Severe overdosage - General supportive care is recommended, including close clinical and laboratory monitoring of haematological, renal and hepatic functions, and coagulation status until the patient is stable. The following clinical measures are extremely unlikely to be indicated in the event of cefalexin overdose and have not been established as beneficial in this situation: forced diuresis, peritoneal dialysis, haemodialysis or charcoal haemoperfusion.

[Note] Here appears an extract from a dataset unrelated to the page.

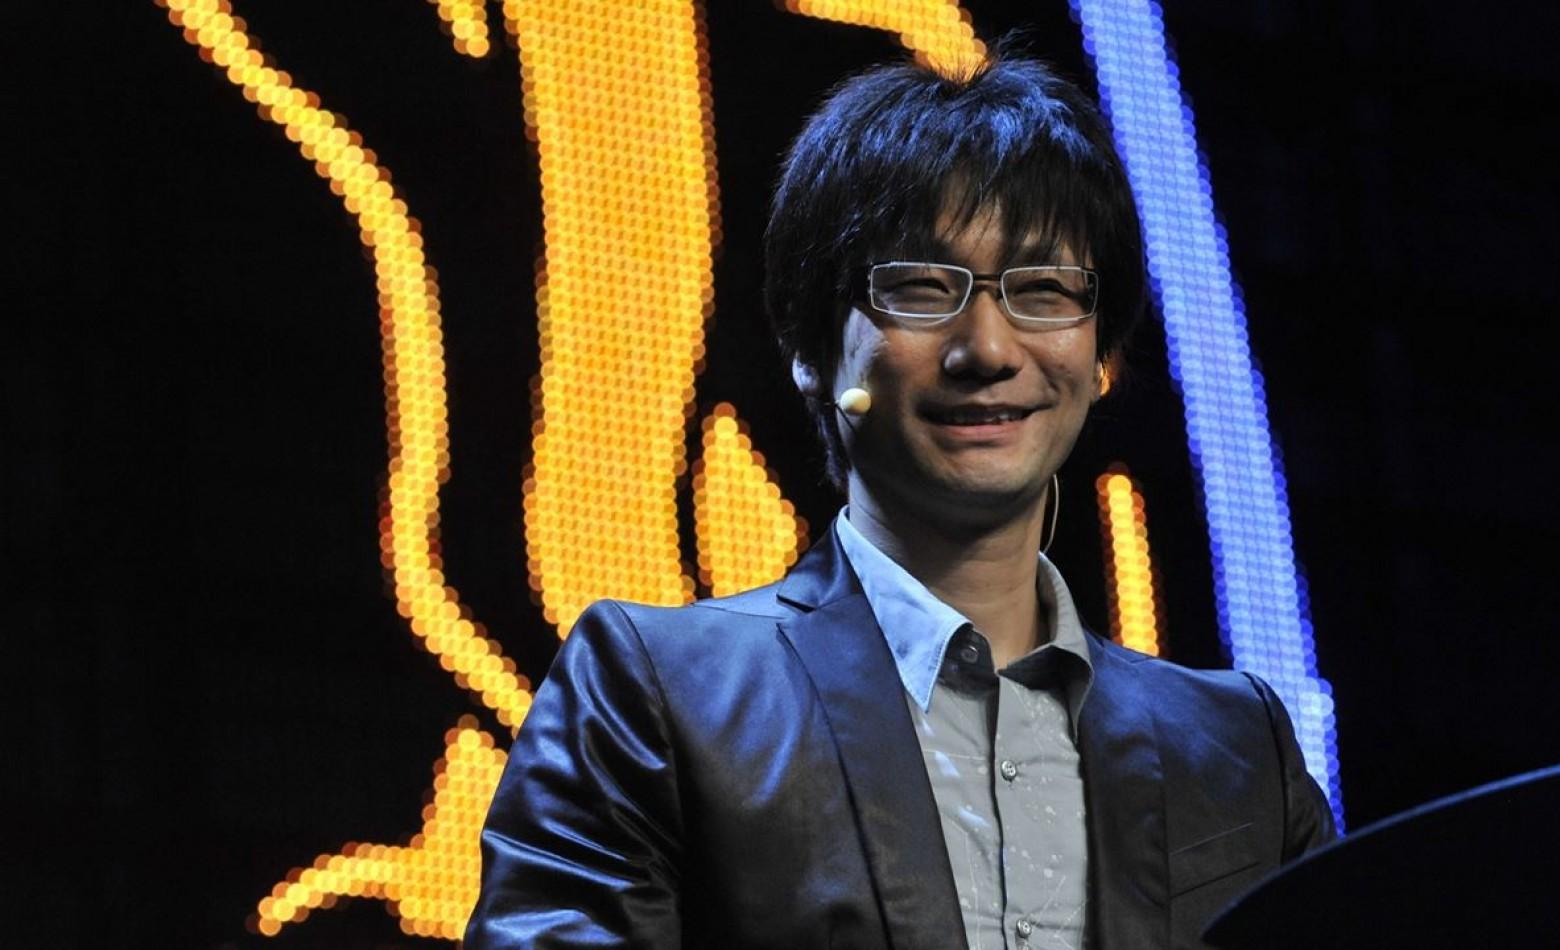 Chega ao fim o casamento de Konami e Hideo Kojima

Unless 5 to 10 times the normal daily dose of cefalexin has been ingested, gastro-intestinal decontamination should not be necessary.

5 PHARMACOLOGICAL PROPERTIES

5.1 Pharmacodynamic properties

ATC code: J01DB01 First generation cephalosporins

Cefalexin is bactericidal and has antimicrobial activity similar to that of

cephaloridine or cephalothin against both gram-positive and gram-negative

organisms.

5.2 Pharmacokinetic properties

Cefalexin is almost completely absorbed from the gastro-intestinal tract and produces peak plasma concentrations about 1 hour after administration. A dose of 500 mg produces a mean peak plasma concentration of about 18 micrograms per ml, about the same as the concentration produced by an equal dose of cephaloridine given intramuscularly and greater than that produced by cephalothin. If cefalexin is taken with food there is delayed and slightly reduced absorption and there may be delayed elimination from the plasma. About 10 to 15% of a dose is bound to plasma proteins.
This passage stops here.